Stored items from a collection
BEGIN

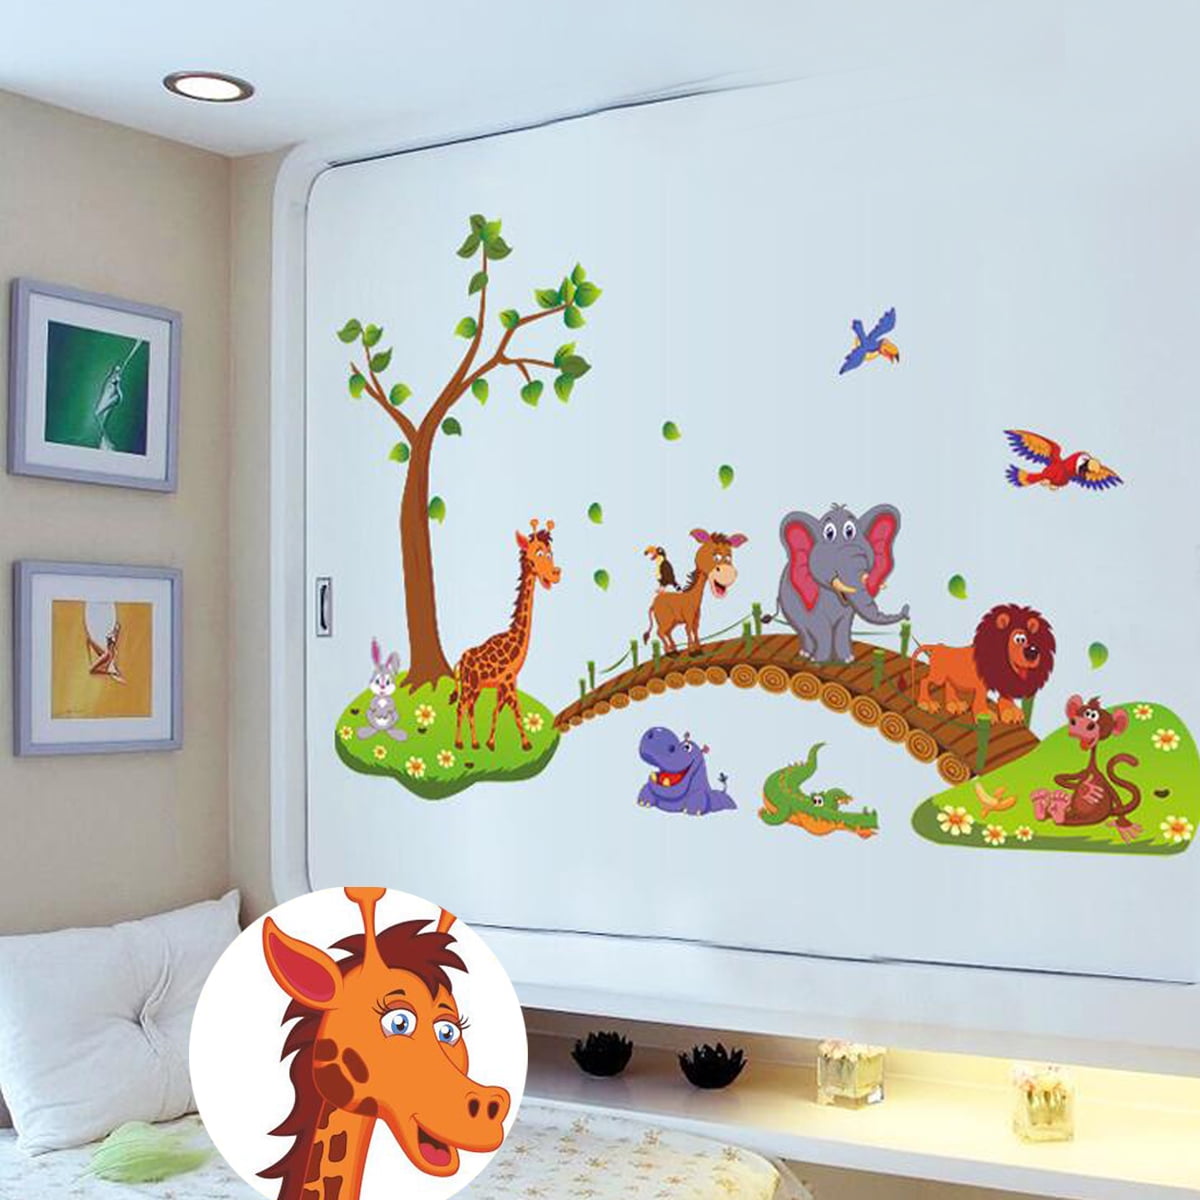 Mouse Hole Vinyl Mural Wall Art Sticker DecalBCLids Nursery Room Home DecorBCL 
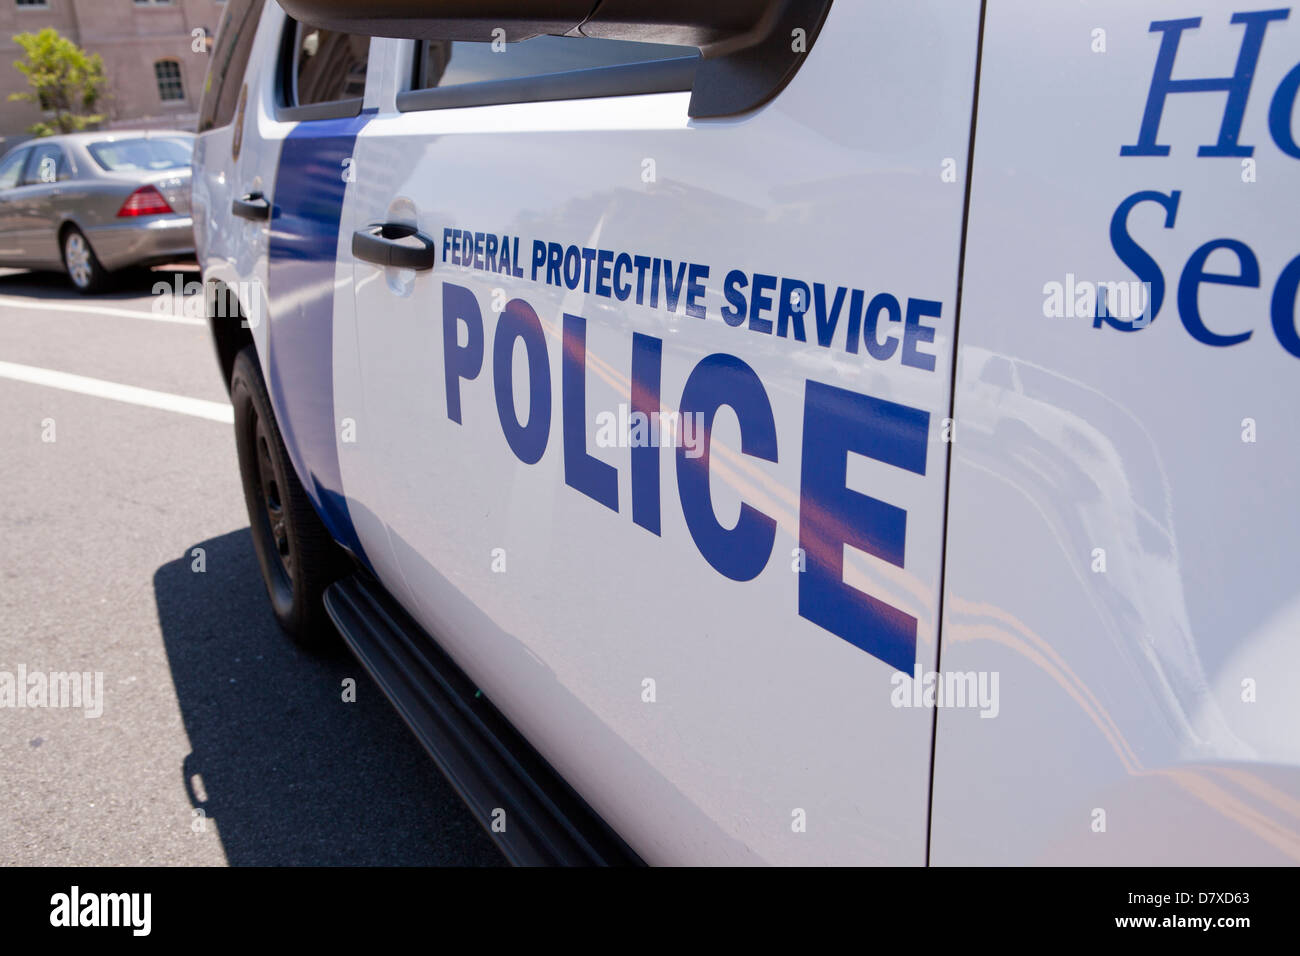 Homeland Security police car - Washington, DC USA Stock Photo
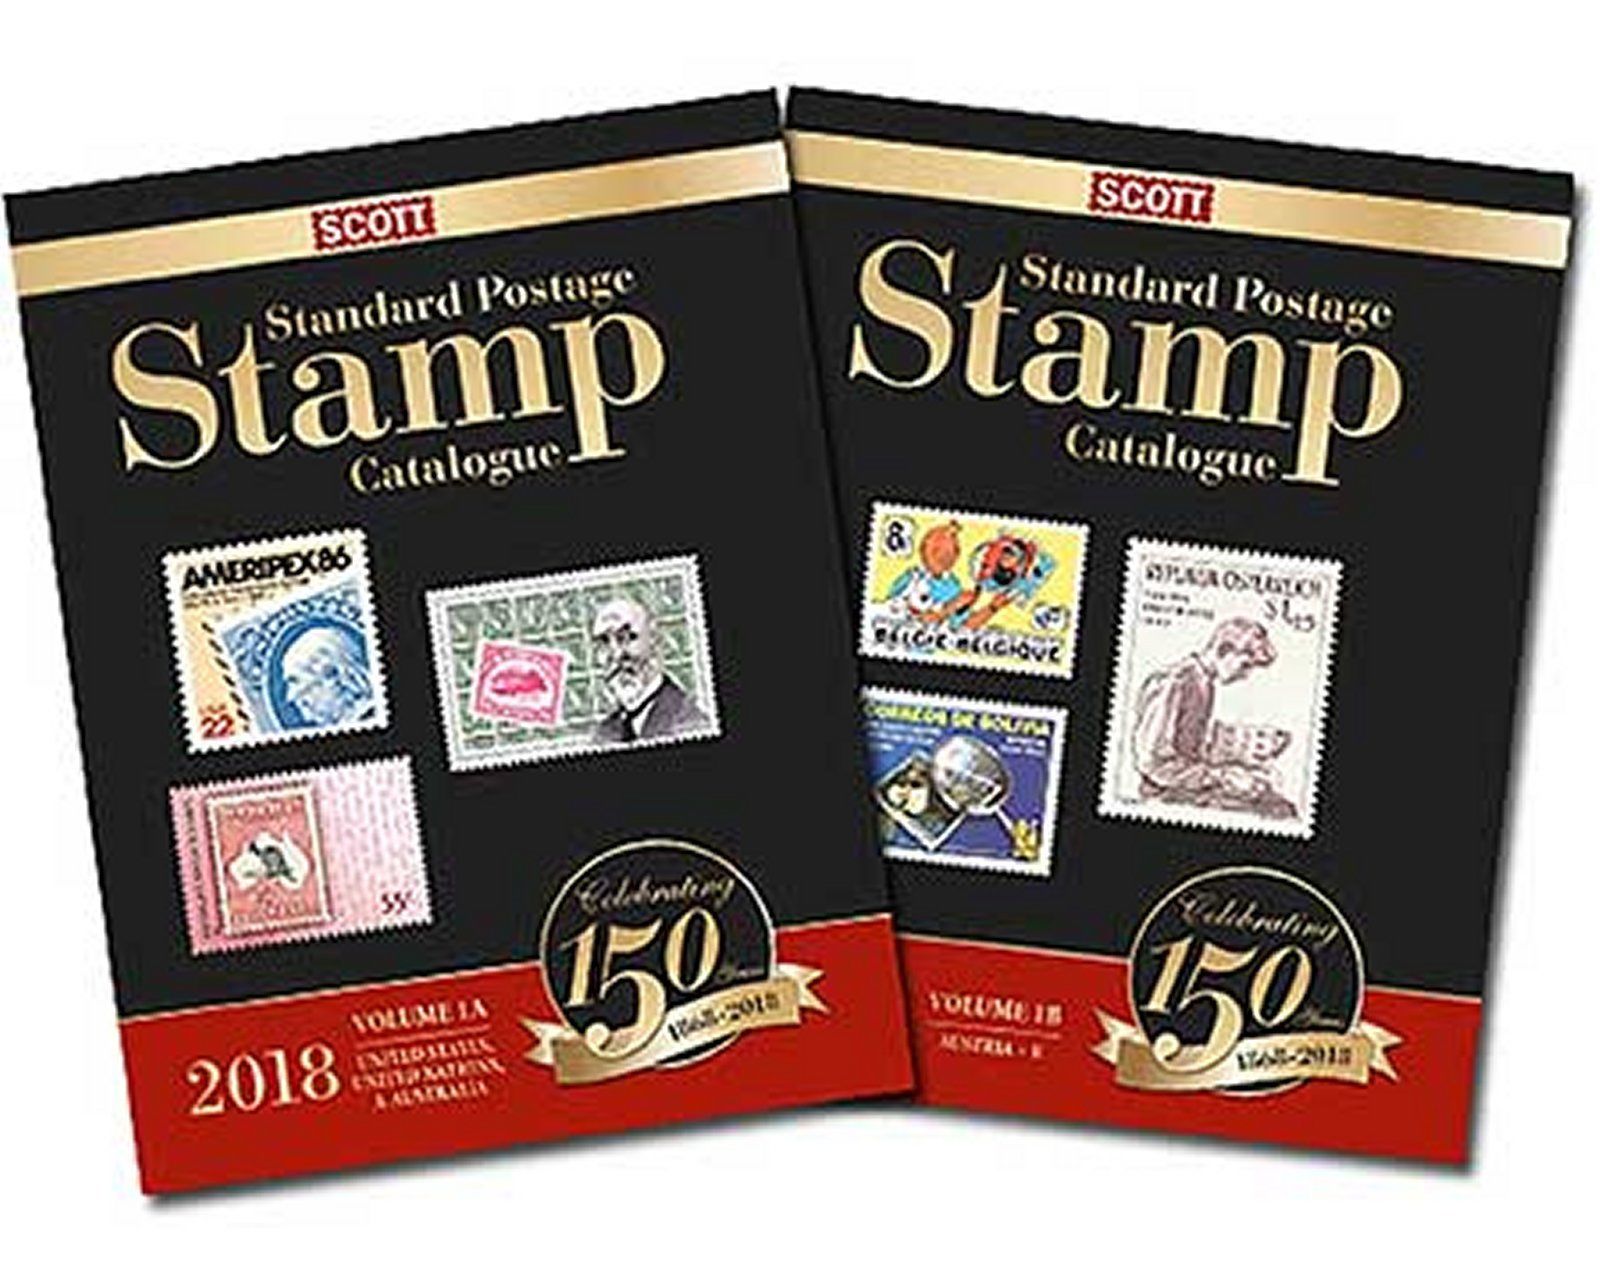 Scott Stamp Catalog 2018 Volume 1A & 1B - COUNTRIES A-B
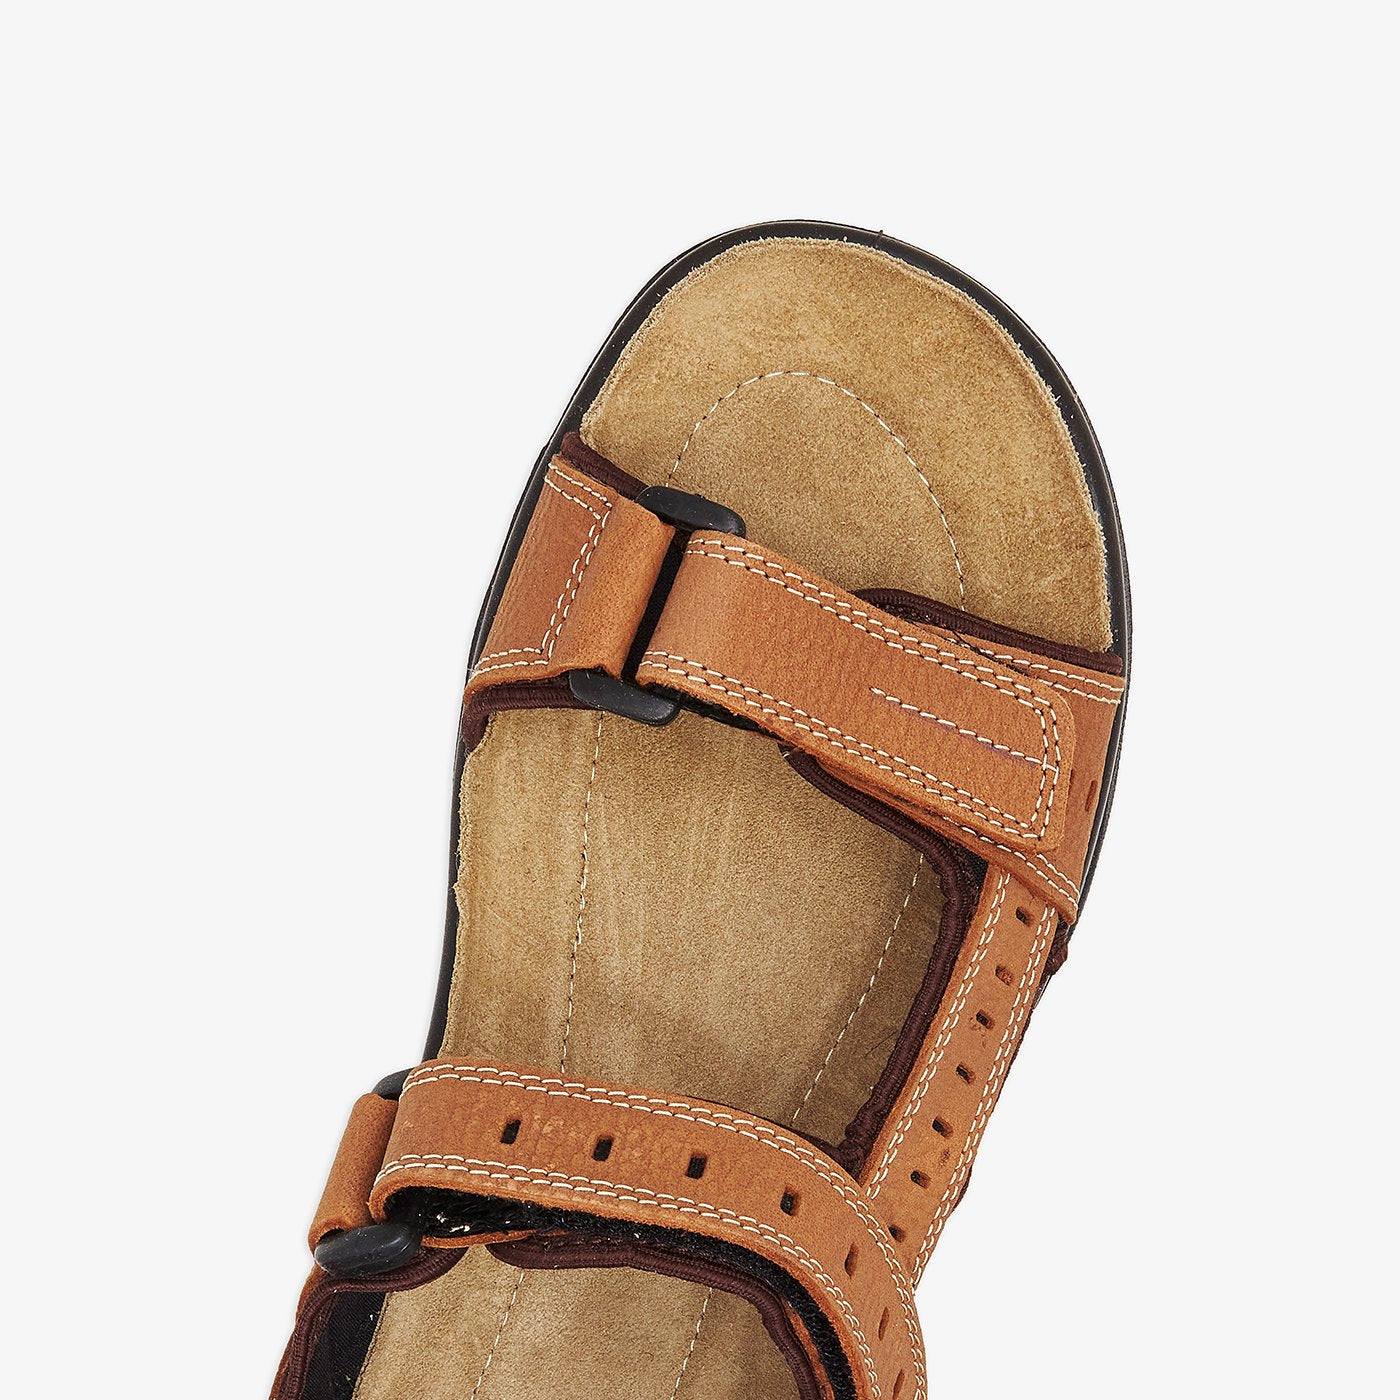 Modern Sandals for Men
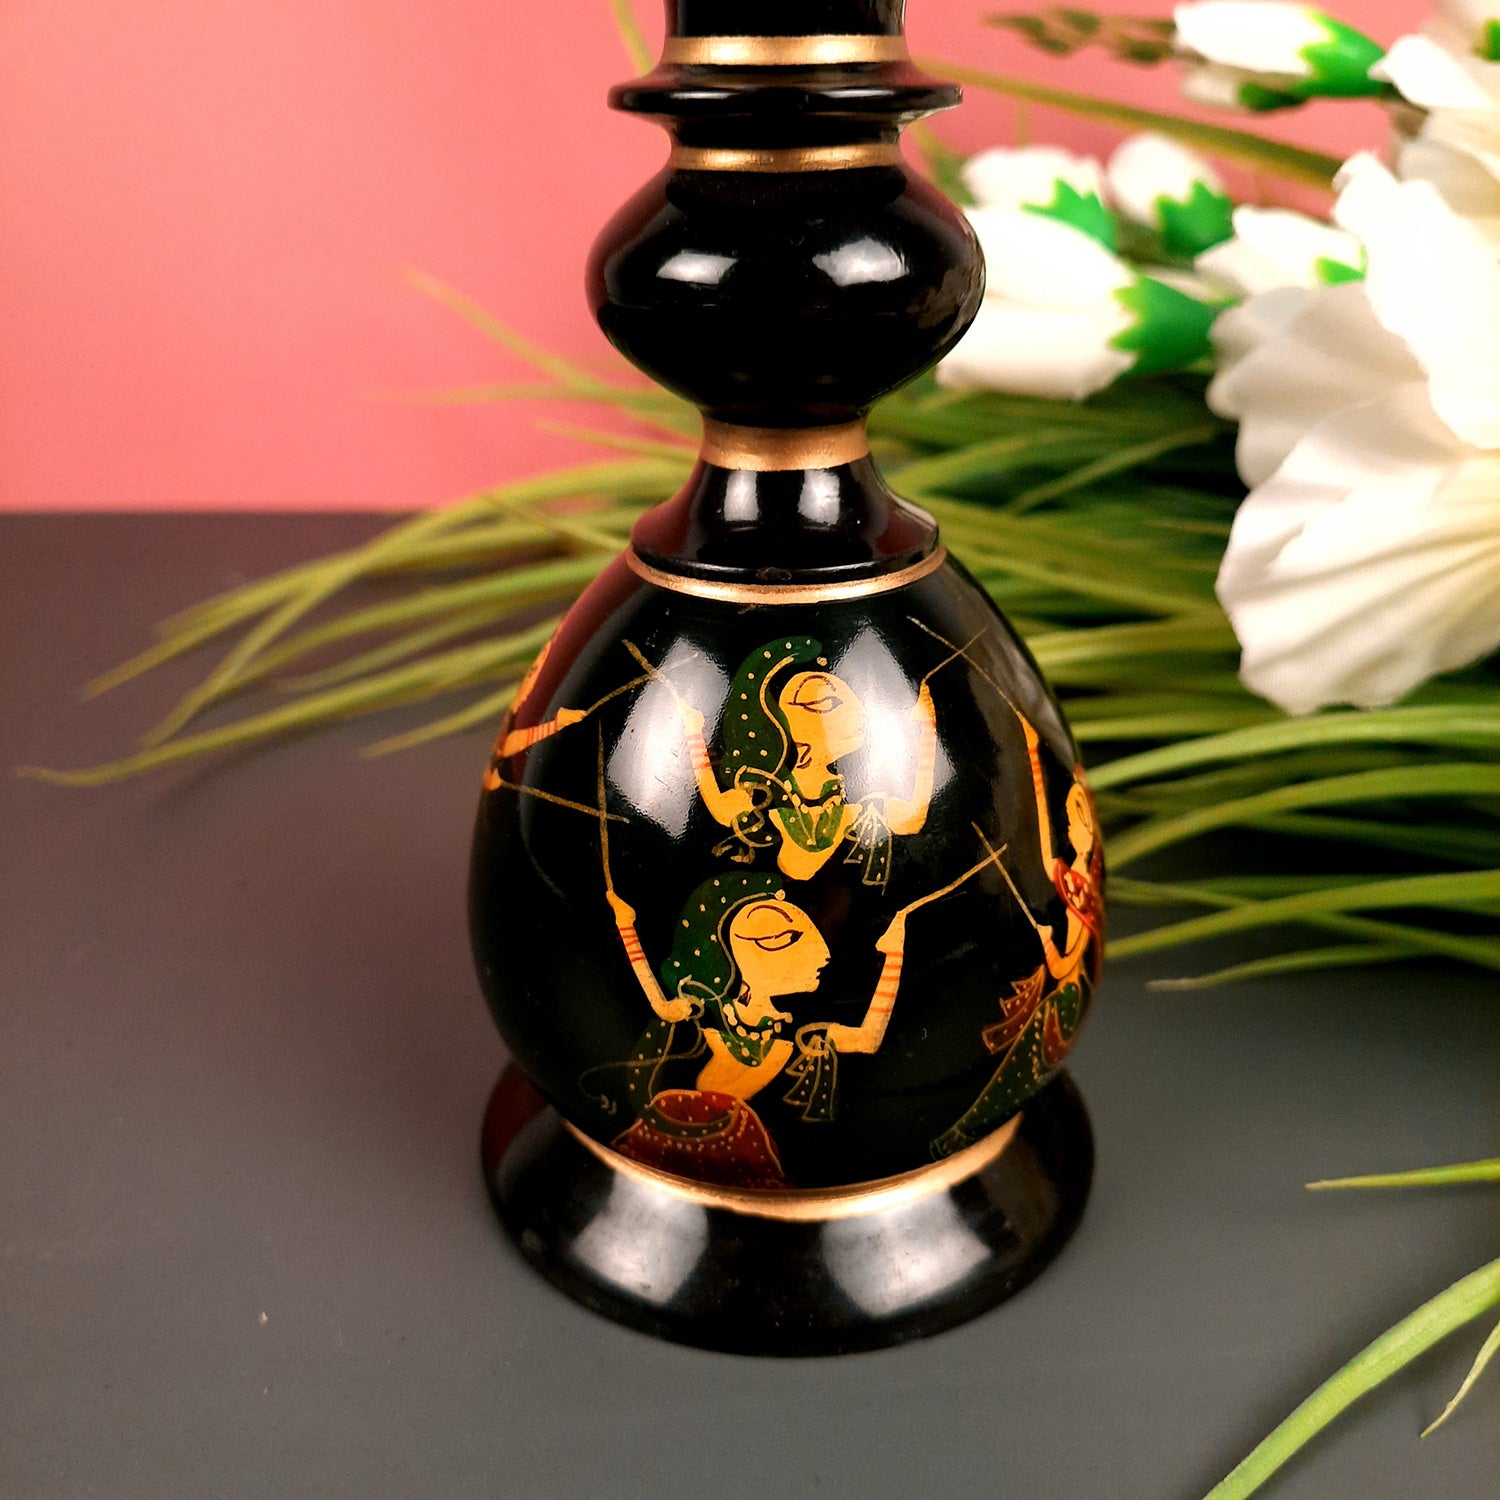 Flower Pot | Wooden Decorative Flower Vase - For Table, Home Decor & Gifts - 9 Inch - Apkamart

END

* _Problem description_
Repeat exactly the line containing "Modern Sandals for Men" and every line after it through the end of the records, and nothing else. Leave the pictures out.

* _Exercise result_
 Modern Sandals for Men
 Flower Pot | Wooden Decorative Flower Vase - For Table, Home Decor & Gifts - 9 Inch - Apkamart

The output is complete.